By then, I had gone on to write a controversial story about Father Patrick Lawson, an Ayrshire priest who had been speaking out against abuse for almost 20 years after exposing a fellow priest, Father Paul Moore, for sexually assaulting him and abusing two altar boys. Father Lawson, who was forcibly removed from his parish and is now involved in an industrial tribunal against the church, also appeared before the commission and the final report recommends a policy protecting whistleblowers.

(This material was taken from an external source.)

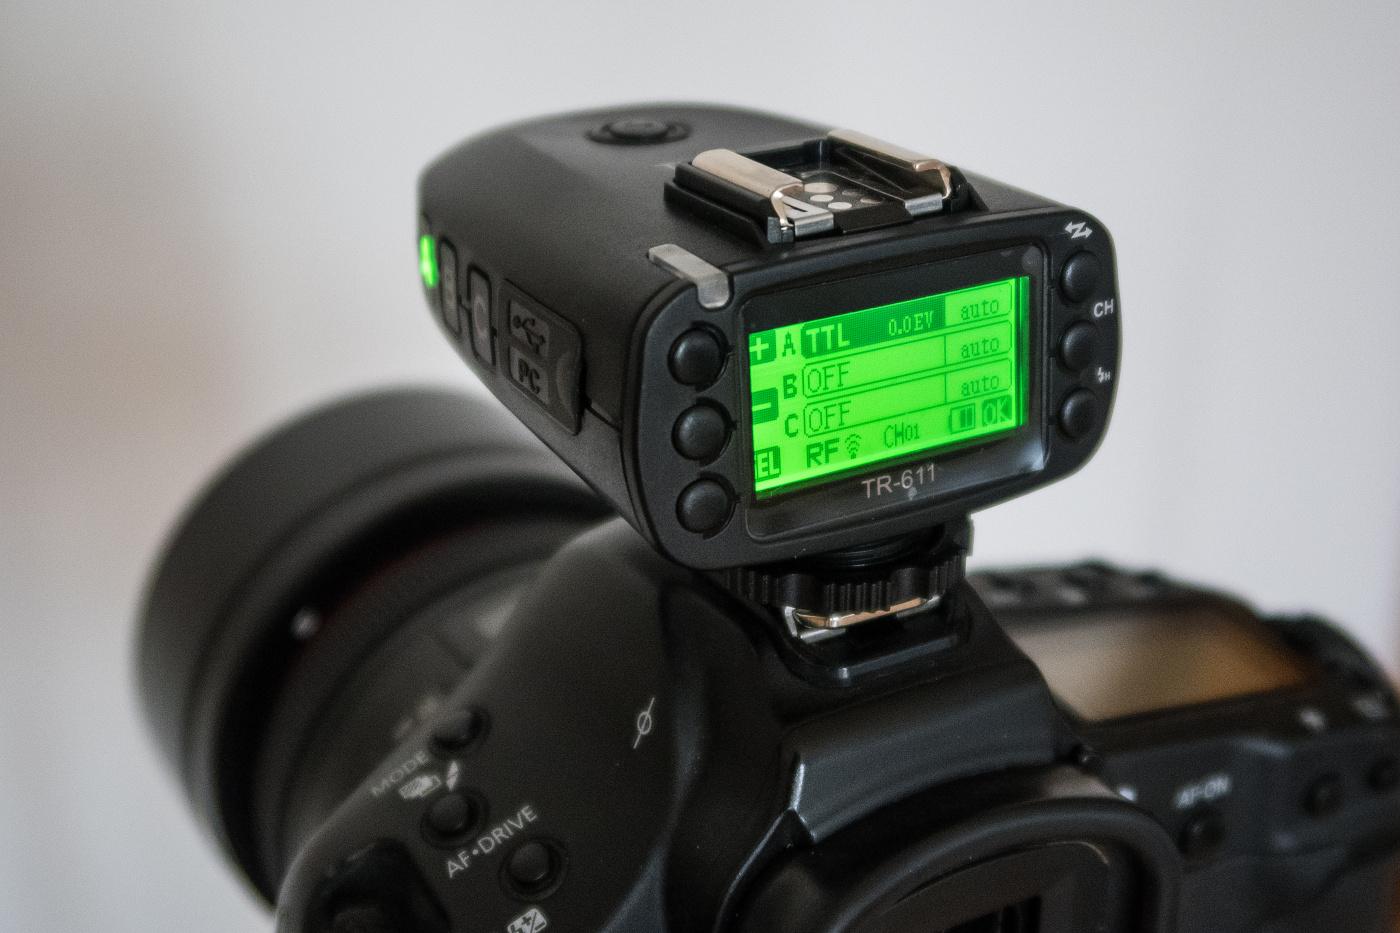 Odpalovač nasazený v sáňkách fotoaparátu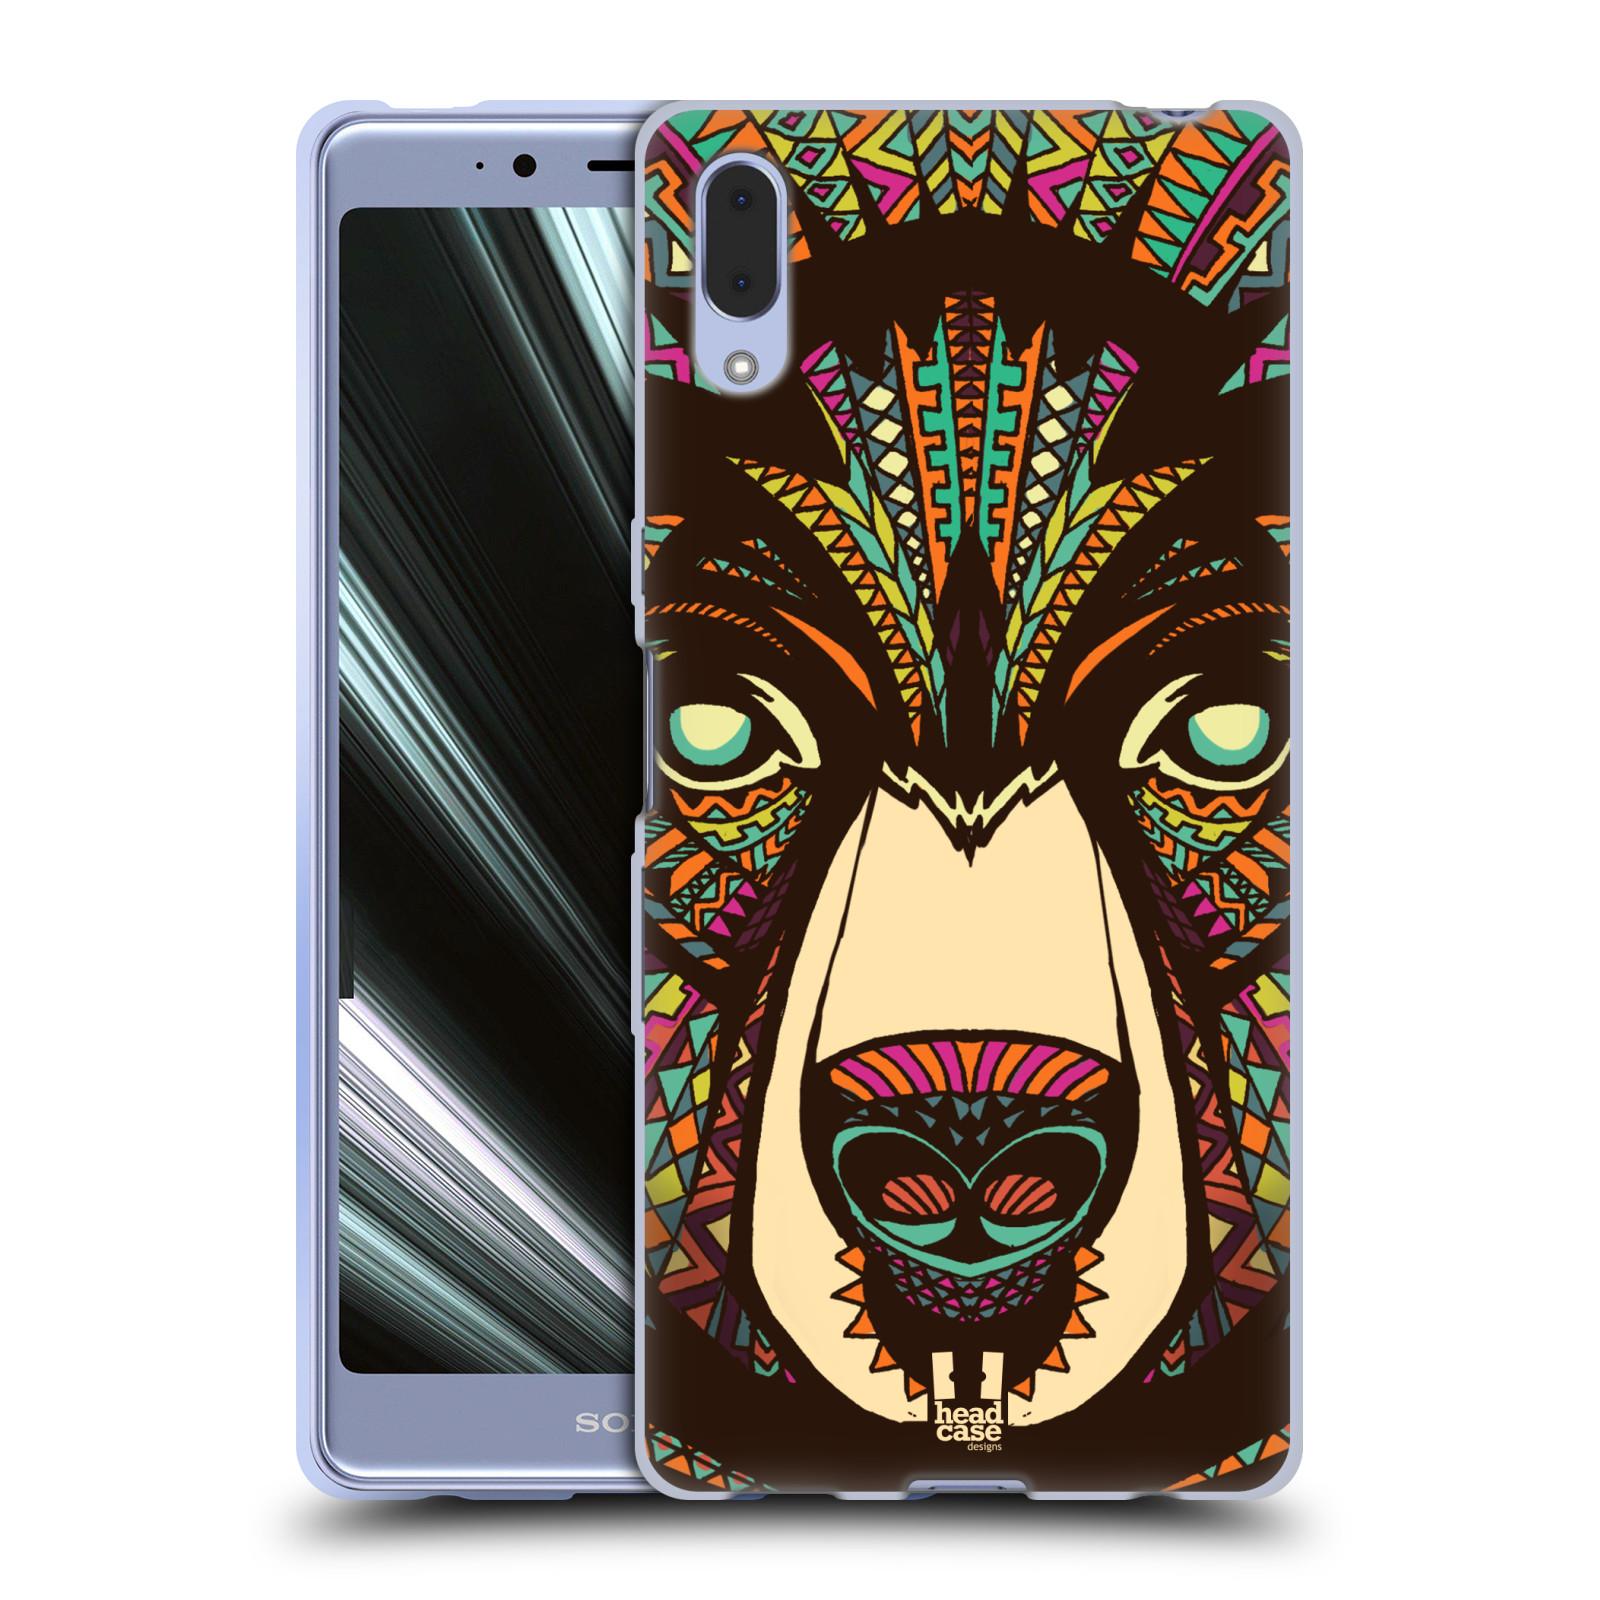 Silikonové pouzdro na mobil Sony Xperia L3 - Head Case - AZTEC MEDVĚD

As Tartaglia speaks, I mentally scan the group of bishops surrounding him. The bishop of Galloway, William Nolan, who has threatened Father Lawson with disciplinary action for appealing to civil law. The bishop of Aberdeen, Hugh Gilbert, who publicly expressed sorrow for Fort Augustus and pledged every assistance to victims, then privately sent a letter to a victim’s lawyer saying it was not his responsibility. Mario Conti, the former archbishop of Glasgow, who publicly stated that abuse victims were not looking for justice but pots of gold. Maurice Taylor, former bishop of Galloway, who protected abuser Father Paul Moore and bought him a house. Later, a contributor to Twitter notes the irony of Taylor’s presence.

As Tartaglia concludes, I glance at John Ogilvie. Scotland’s only post-reformation saint, he stood firm when his brother priests fled their oppressors and was hanged for his defiance. Who among today’s bishops will stand firm? McLellan had made something clear in his address. This was the Catholic church’s last opportunity to regain public credibility. Tartaglia assures the congregation the bishops will implement the report in full. So is it job done?

My answer is to tell you my knowledge of events in the Catholic church in the period around the publication of the report. Days before, I get confirmation from the police of a serious investigation into alleged abuse by a senior Catholic cleric in Scotland. The accused is a close friend of one of the most senior members of the church’s hierarchy and was not suspended while the investigation took place, despite the report’s recommendations to the contrary.

Leaving the BBC studio where I have given a reaction to the report, I receive a call from an abuse victim. She is distraught, wants me to know something in case anything happens to her. She has told her bishop of historical abuse when she was 15 by a serving priest. The bishop’s response? Nobody need know. Then the day after the report, I receive information that the church’s lawyers are pursuing costs against Father Lawson, the main carer to his elderly mother who is suffering from dementia, because he was ill on the day the employment tribunal was scheduled and it had to be postponed. “They are obviously trying to make life as difficult as possible for him,” says Father Lawson’s lawyer.

Andrew McLellan made something crystal clear in Edinburgh. Words were not enough. They had to be followed by two things: repentance and action. Until the church’s public words match their private actions, Philip Tartaglia’s words of apology will ring hollow around a cathedral that may be beautiful, but which has an ever-dwindling congregation.